Personal information
- Nicknames: Alex, Brucie
- Born: Mary Alexandra Bruce May 27, 1990 (age 36) Toronto, Ontario, Canada
- Height: 1.82 m (6 ft 0 in)
- Weight: 75 kg (165 lb)

Sport
- Country: Canada
- Sport: Badminton
- Handedness: Right

Women's singles & doubles
- Highest ranking: 149 (WS April 15, 2010) 20 (WD September 20, 2012) 23 (XD October 29, 2015)
- BWF profile

Medal record
Women's badminton
Representing Canada
Pan American Games
| Gold medal – first place | 2011 Guadalajara | Women's doubles |
| Silver medal – second place | 2015 Toronto | Mixed doubles |
| Bronze medal – third place | 2015 Toronto | Women's doubles |
Pan Am Championships
| Gold medal – first place | 2016 Campinas | Mixed team |
| Gold medal – first place | 2014 Markham | Mixed doubles |
| Gold medal – first place | 2014 Markham | Mixed team |
| Gold medal – first place | 2013 Santo Domingo | Mixed doubles |
| Gold medal – first place | 2013 Santo Domingo | Mixed team |
| Gold medal – first place | 2012 Lima | Women's doubles |
| Gold medal – first place | 2012 Lima | Mixed doubles |
| Gold medal – first place | 2012 Lima | Mixed team |
| Gold medal – first place | 2010 Curitiba | Mixed team |
| Gold medal – first place | 2009 Guadalajara | Mixed team |
| Silver medal – second place | 2013 Santo Domingo | Women's doubles |
| Silver medal – second place | [2010 Curitiba | Women's doubles |
| Silver medal – second place | 2010 Curitiba | Mixed doubles |
| Bronze medal – third place | 2014 Markham | Women's doubles |
| Bronze medal – third place | 2009 Guadalajara | Mixed doubles |
Commonwealth Youth Games
| Silver medal – second place | 2008 Pune | Girls' doubles |

= Alexandra Bruce =

Canadian badminton player (born 1990)

Mary Alexandra "Alex" Bruce (born May 27, 1990) is a Canadian badminton player from Toronto, Ontario.
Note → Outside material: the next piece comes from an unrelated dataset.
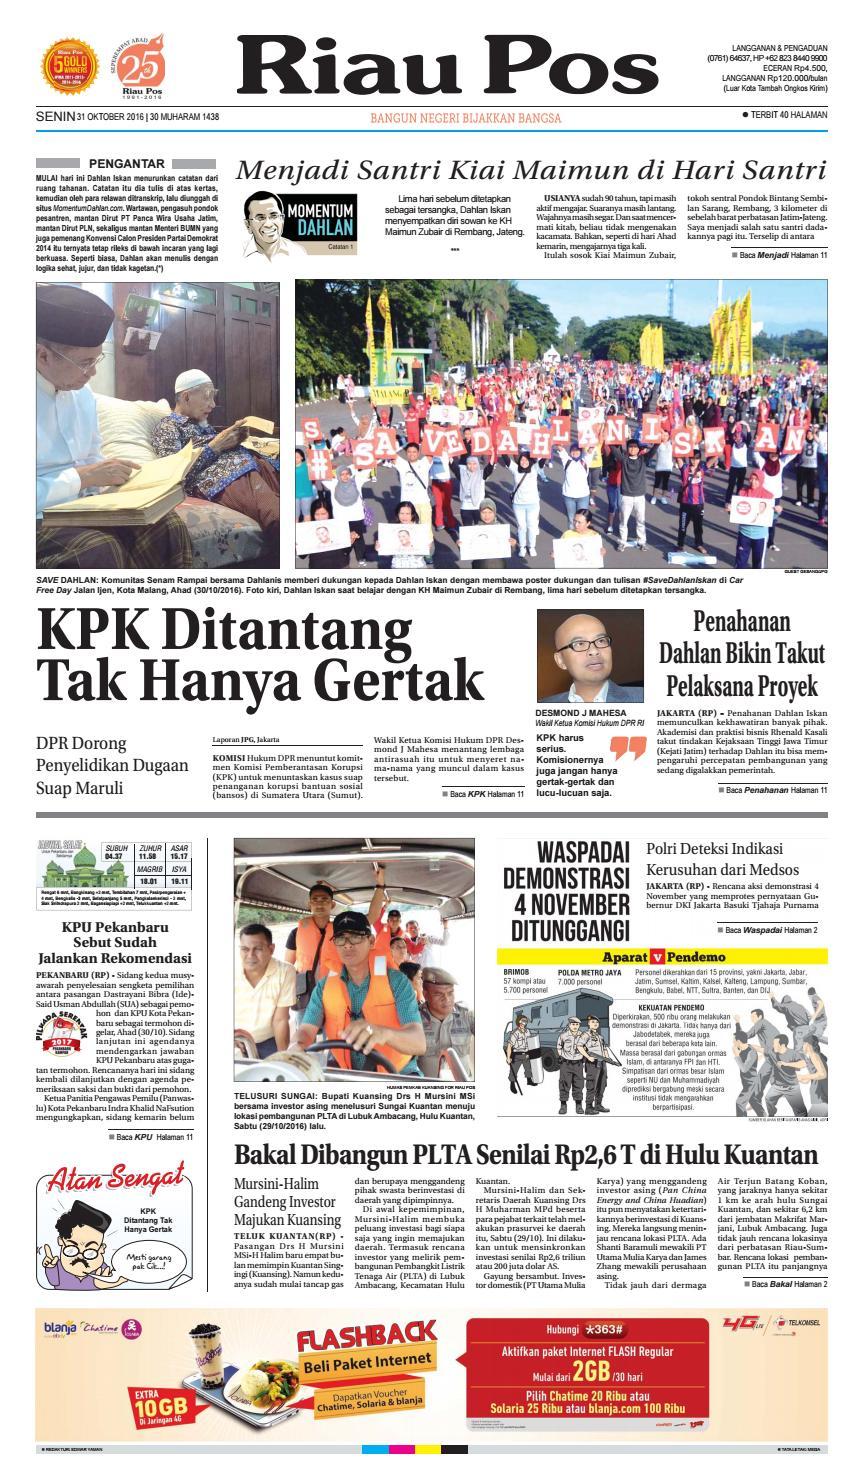 2016 10 31 By Riau Pos Issuu Produk Ukm Bumn Tenun Pagatan Kemeja Pria Biru Kapal

She competed at the 2012 Summer Olympics in the Women's doubles event with partner Michelle Li.

==Early career==
She started playing badminton at aged 8. Her parents were members of a badminton club that put on clinics for kids. She won silver in doubles at the 2008 Commonwealth Youth Games. Bruce studied Engineering and played Varsity Badminton for the University of Western Ontario, where she was named OUA Female Rookie of the Year in 2008. At the 2009 Canadian university and college national championships, she won two gold medals in doubles play, and a silver medal in women's singles. At the 2010 Yonex National Championships, she and Martin Giuffre won the U23 Mixed Doubles title. Bruce also won bronze in Ladies' Singles, and silver in Ladies' Doubles with future Olympic partner Michelle Li.

==Personal life==
Her parents are David and Cindy Bruce. Her older brother, Max played football at Queens University and the University of Manitoba. She graduated from Western University in 2014 with a Bachelor of Engineering Science (Civil Structural Engineering).

==2012 Olympics==
At the 2012 Summer Olympics, Bruce and Li finished last in the round-robin portion, losing all three of their matches. However, the top two teams in the group were disqualified for attempting to intentionally lose matches so they would have an easier match-up in the quarterfinals. The duo was advanced to their quarterfinals, where they defeated Australia's Leanne Choo and Renuga Veeran. Bruce and Li finished in fourth place, the best Canadian finish in badminton at the Olympic Games.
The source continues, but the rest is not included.